• **WORK INSTRUCTION**:
Before printing the listing, strip out its pictures and keep everything else exact.

• **DATASET EXTRACT**:

*** Block opens ***

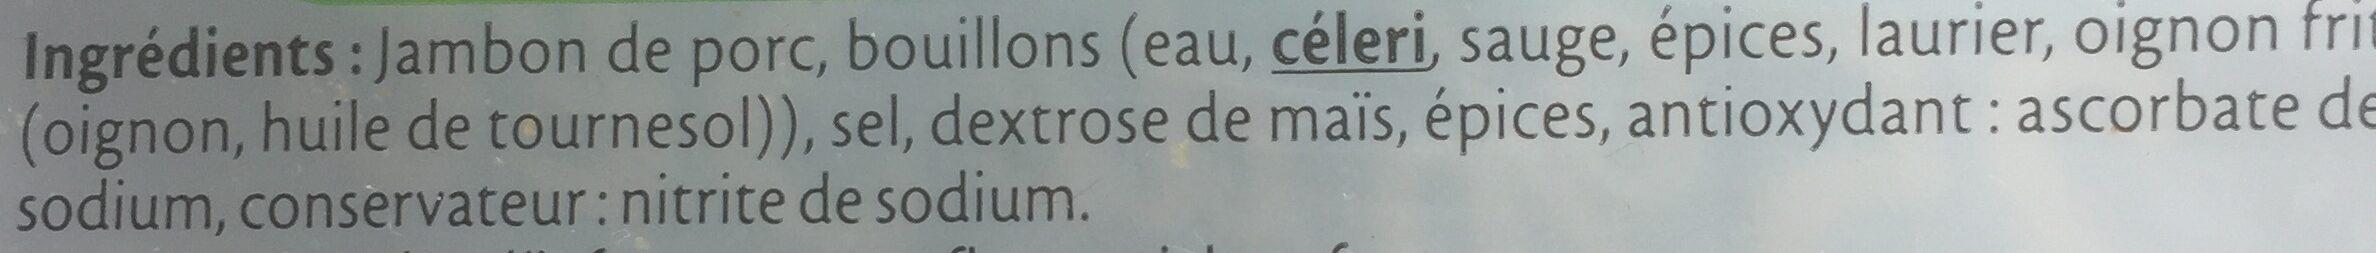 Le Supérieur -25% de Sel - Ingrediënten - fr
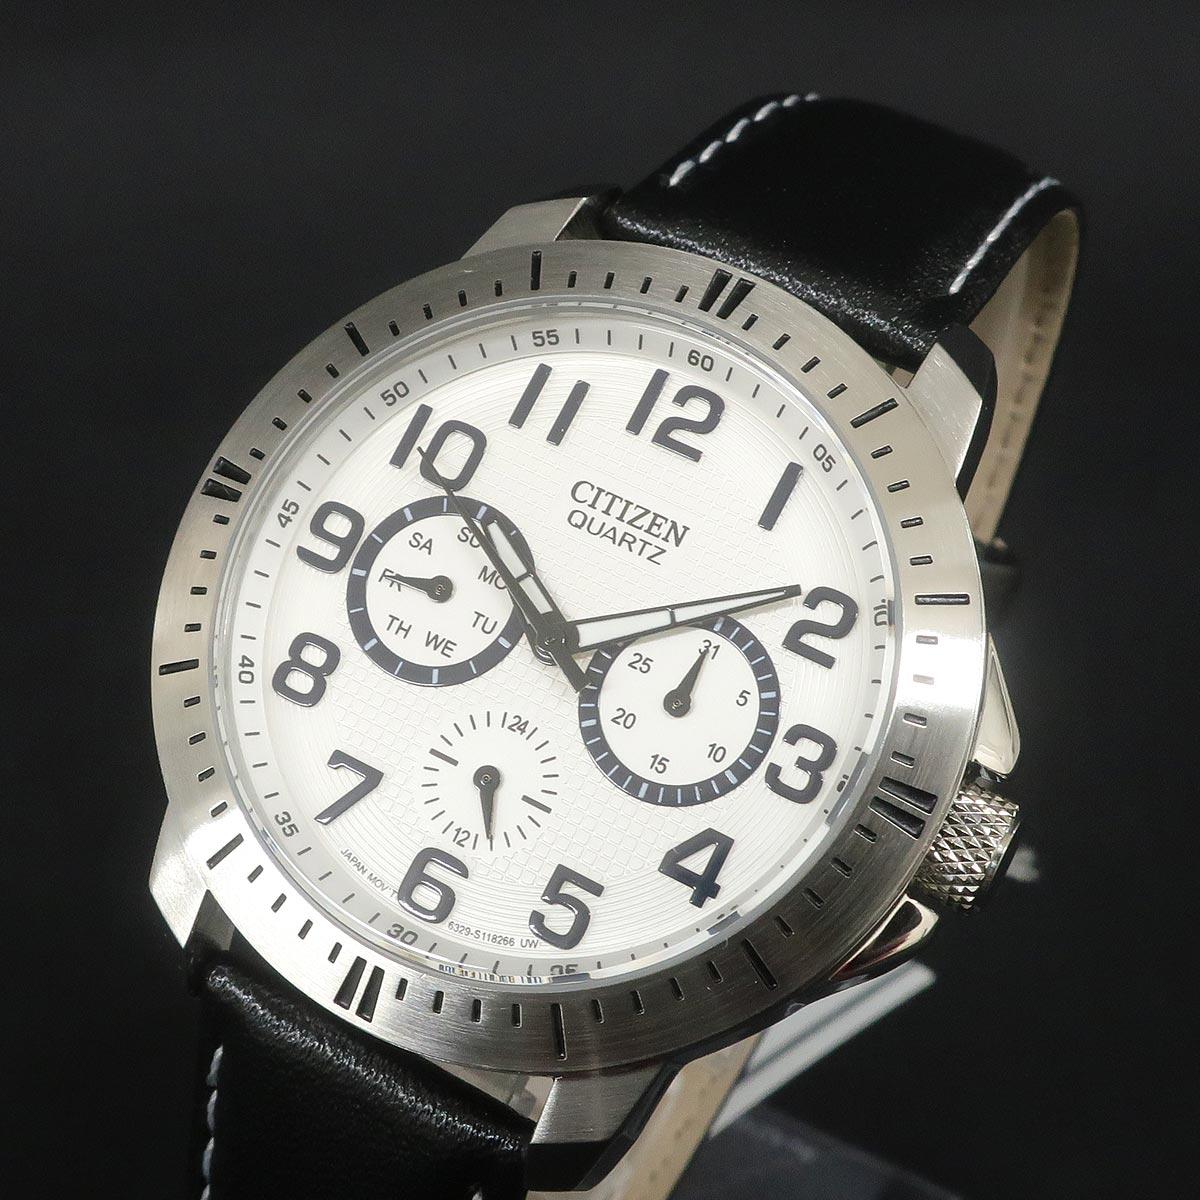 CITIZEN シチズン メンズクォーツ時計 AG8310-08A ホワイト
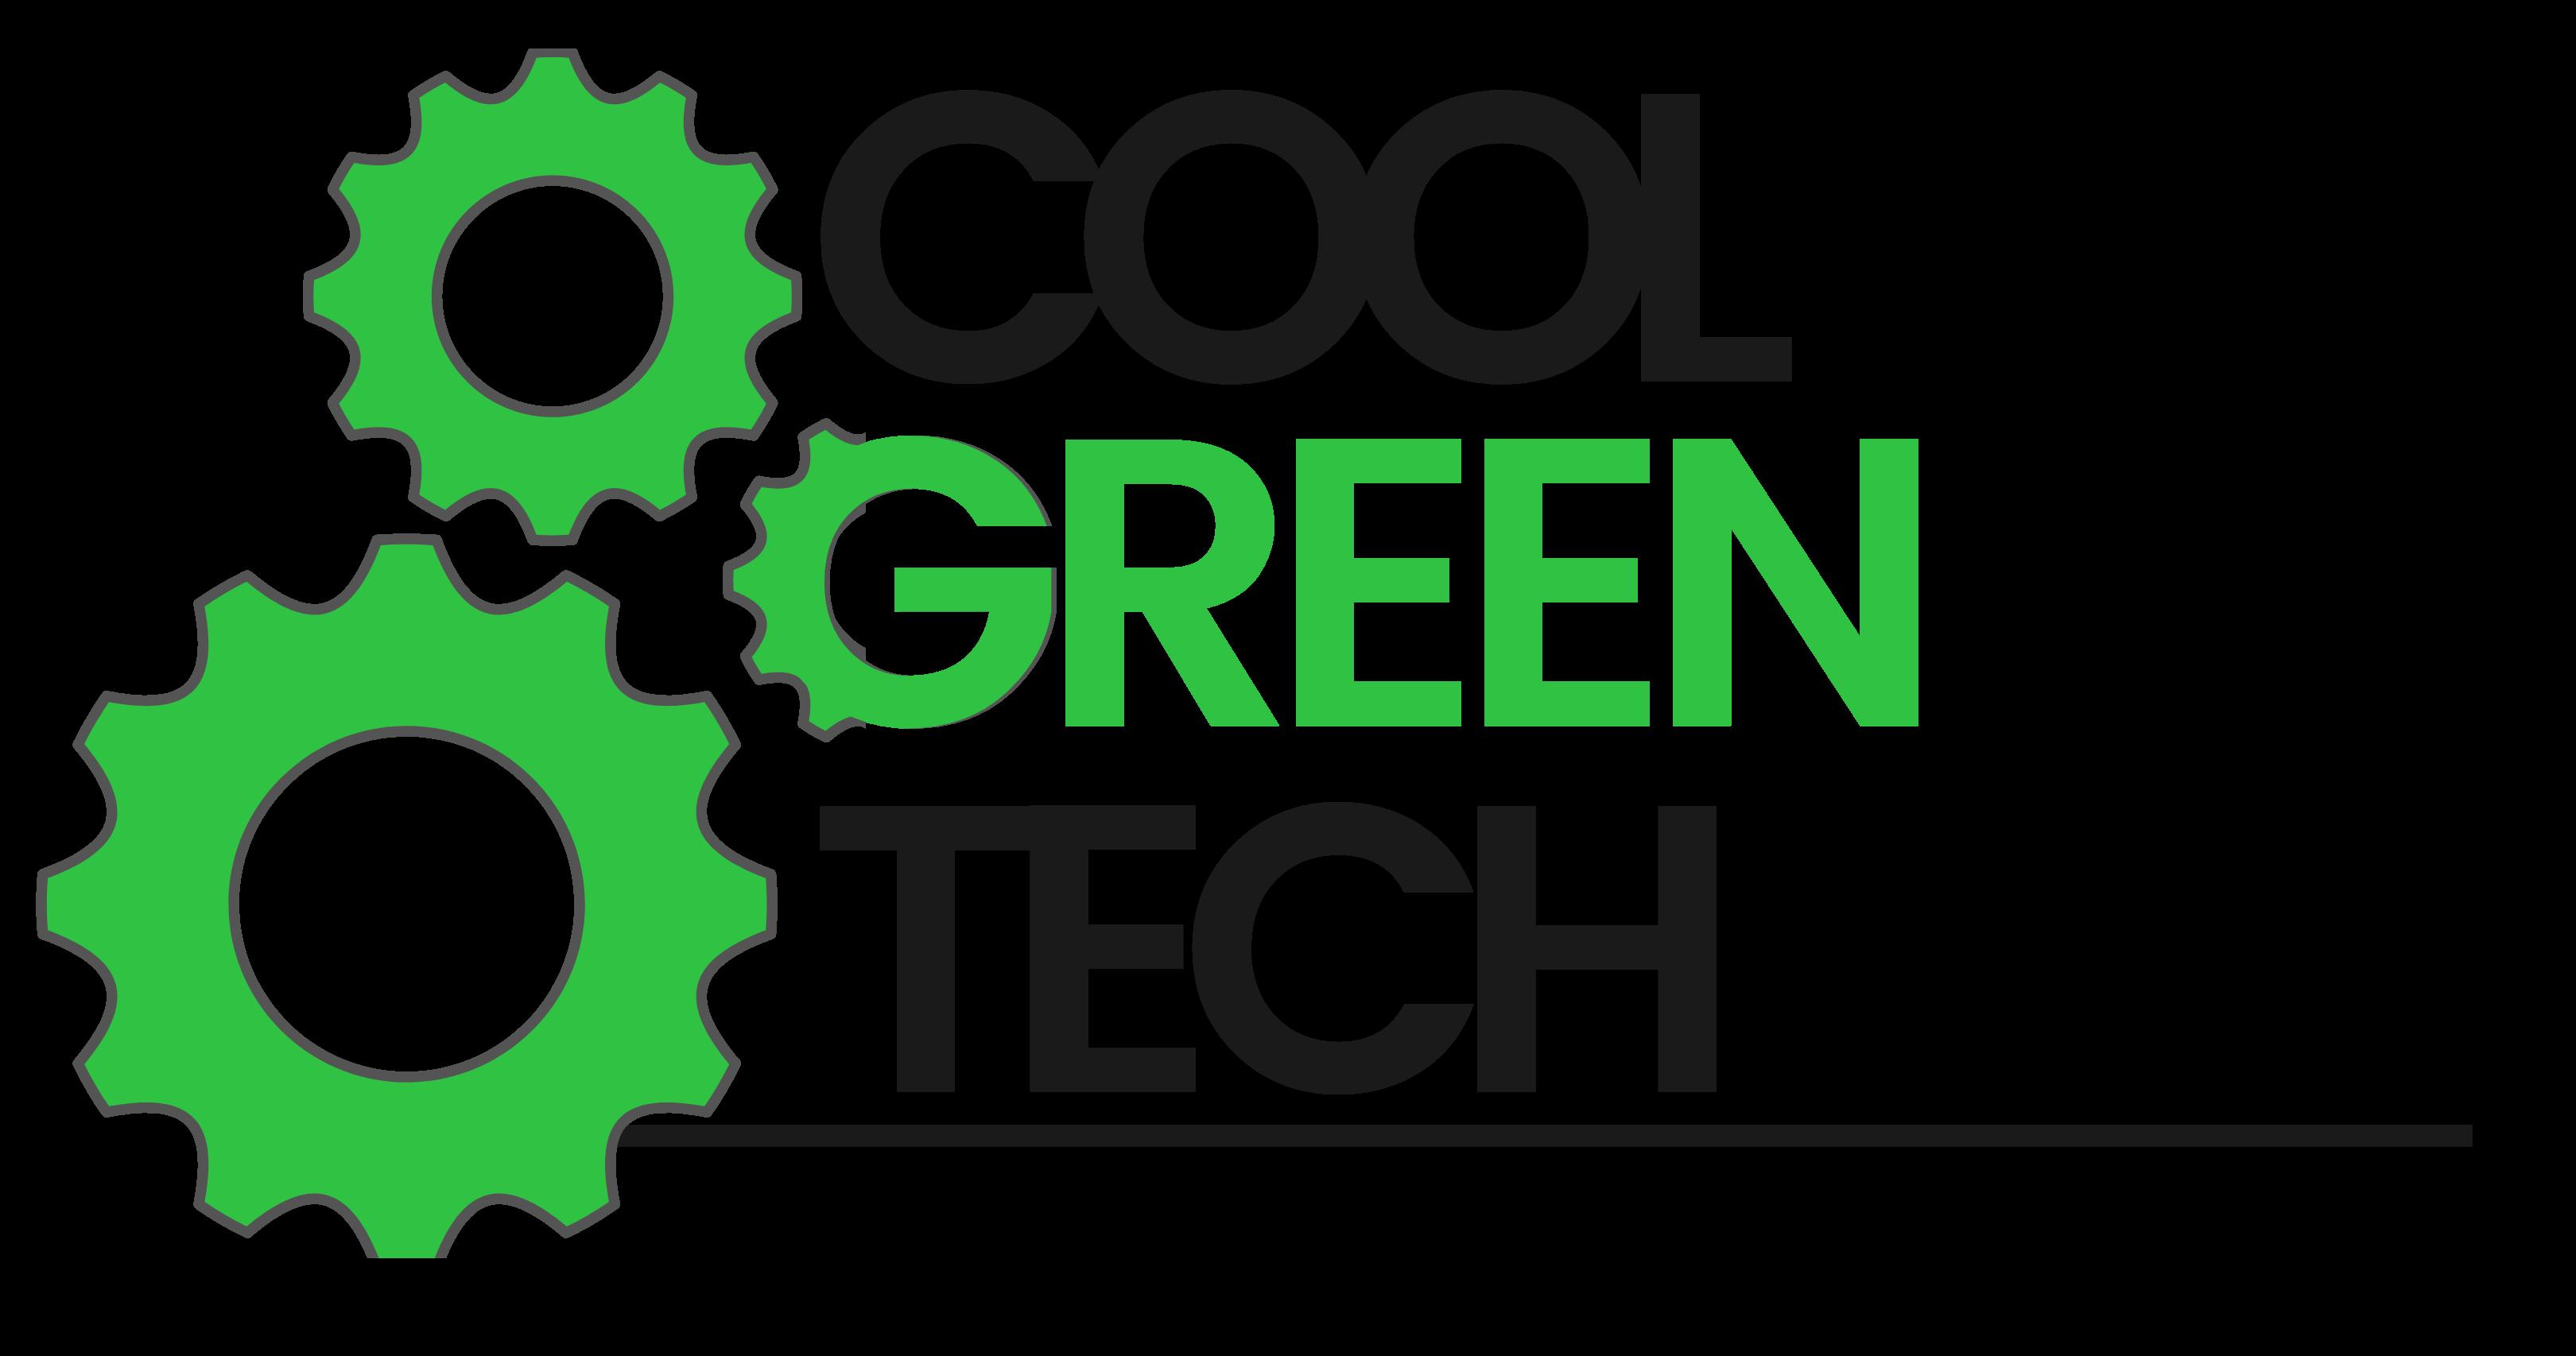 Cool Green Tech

*** Block closes ***

• **TASK OUTPUT**:
 Le Supérieur -25% de Sel - Ingrediënten - fr
 CITIZEN シチズン メンズクォーツ時計 AG8310-08A ホワイト
 Cool Green Tech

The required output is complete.